* Task details *
All the data that follows should be repeated exactly, without a single picture.

* The data *
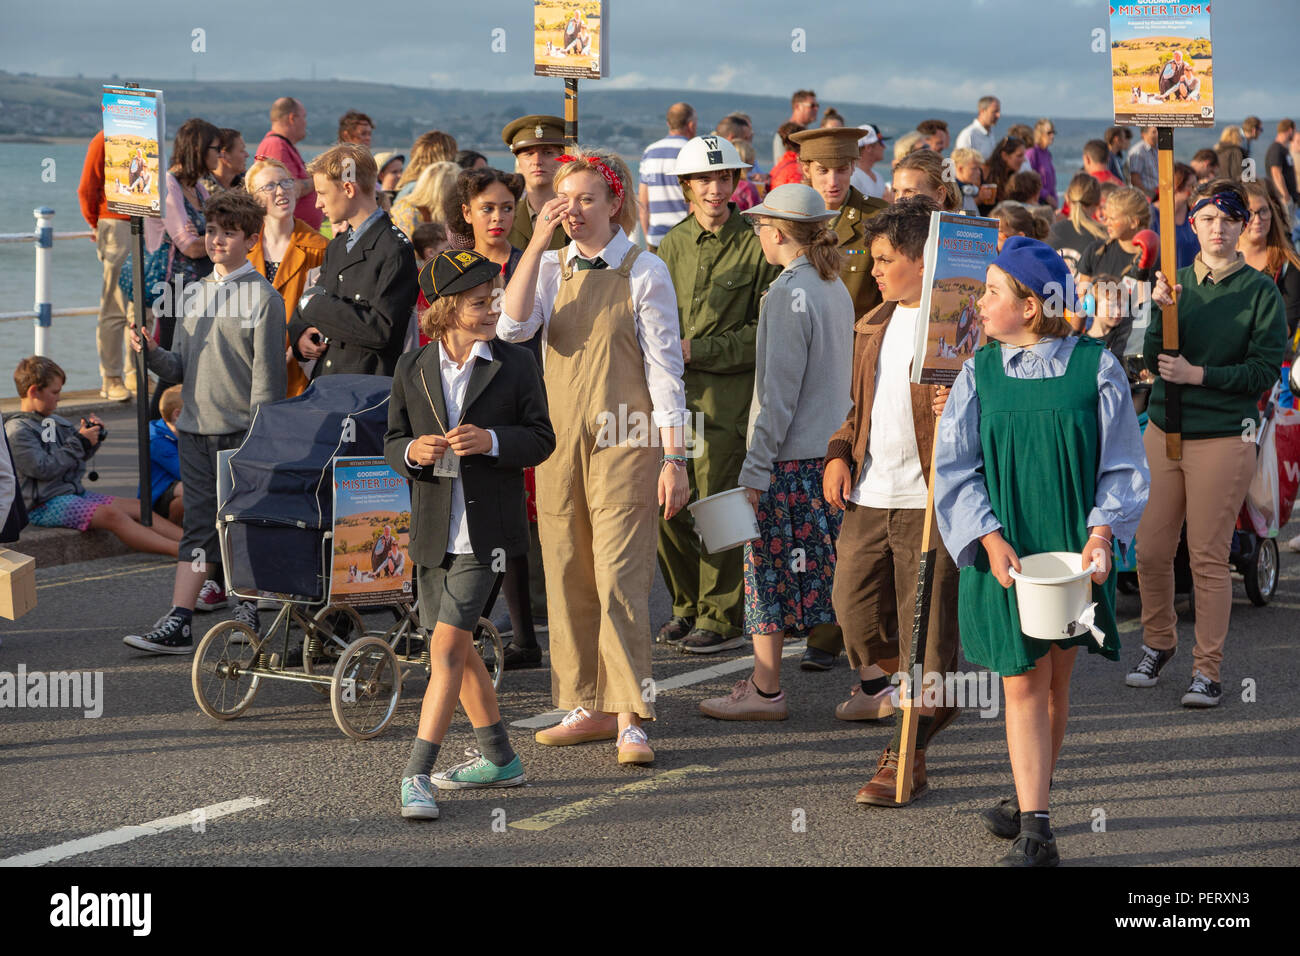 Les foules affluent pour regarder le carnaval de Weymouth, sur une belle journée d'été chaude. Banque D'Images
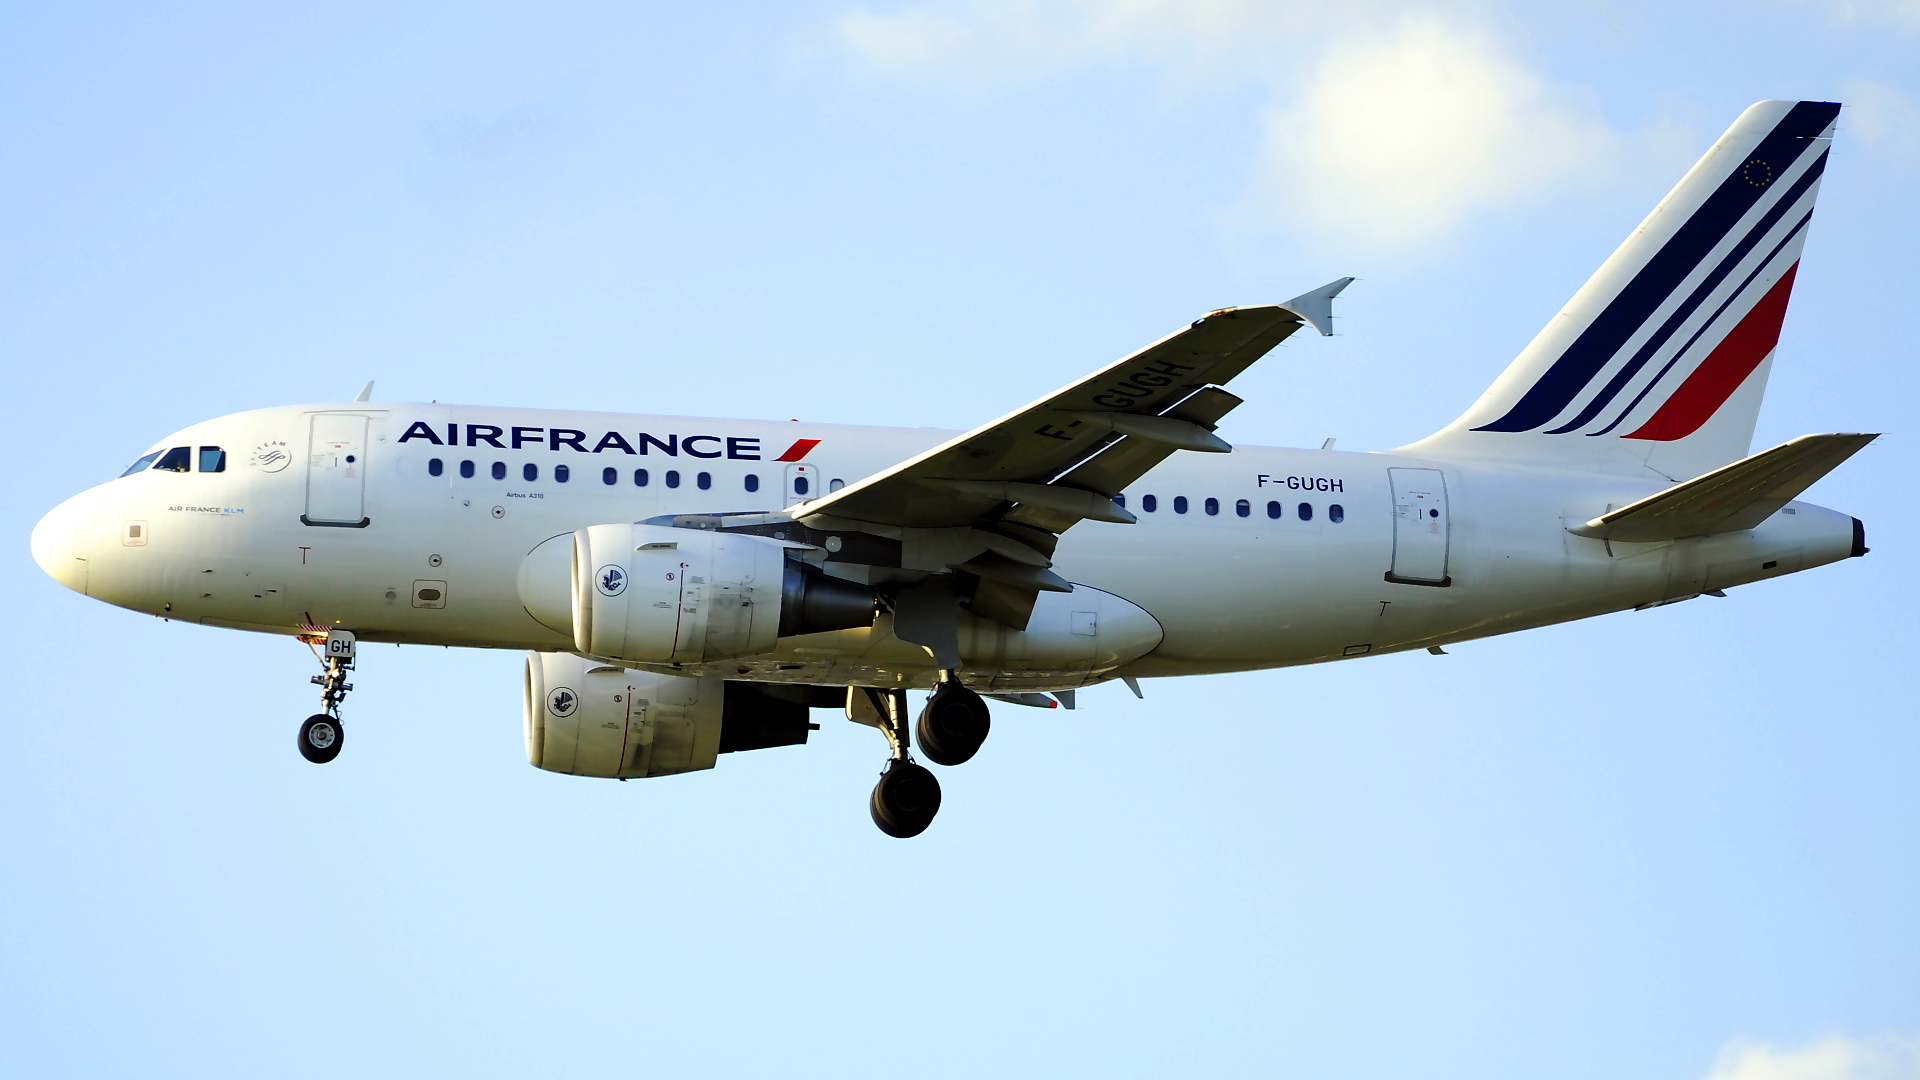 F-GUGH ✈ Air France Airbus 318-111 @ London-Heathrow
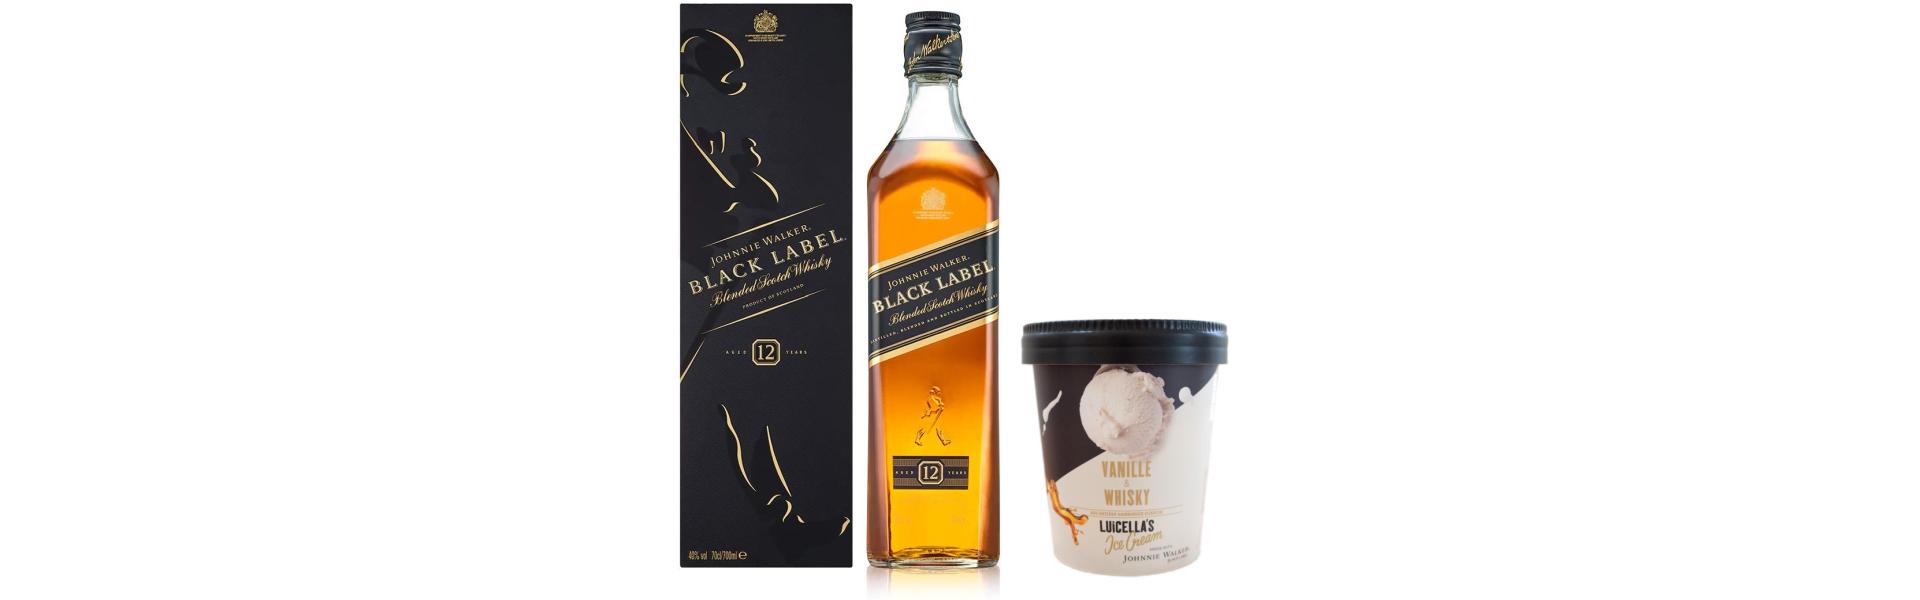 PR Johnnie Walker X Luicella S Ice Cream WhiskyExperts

* Output for this task *
 Les foules affluent pour regarder le carnaval de Weymouth, sur une belle journée d'été chaude. Banque D'Images
 F-GUGH ✈ Air France Airbus 318-111 @ London-Heathrow
 PR Johnnie Walker X Luicella S Ice Cream WhiskyExperts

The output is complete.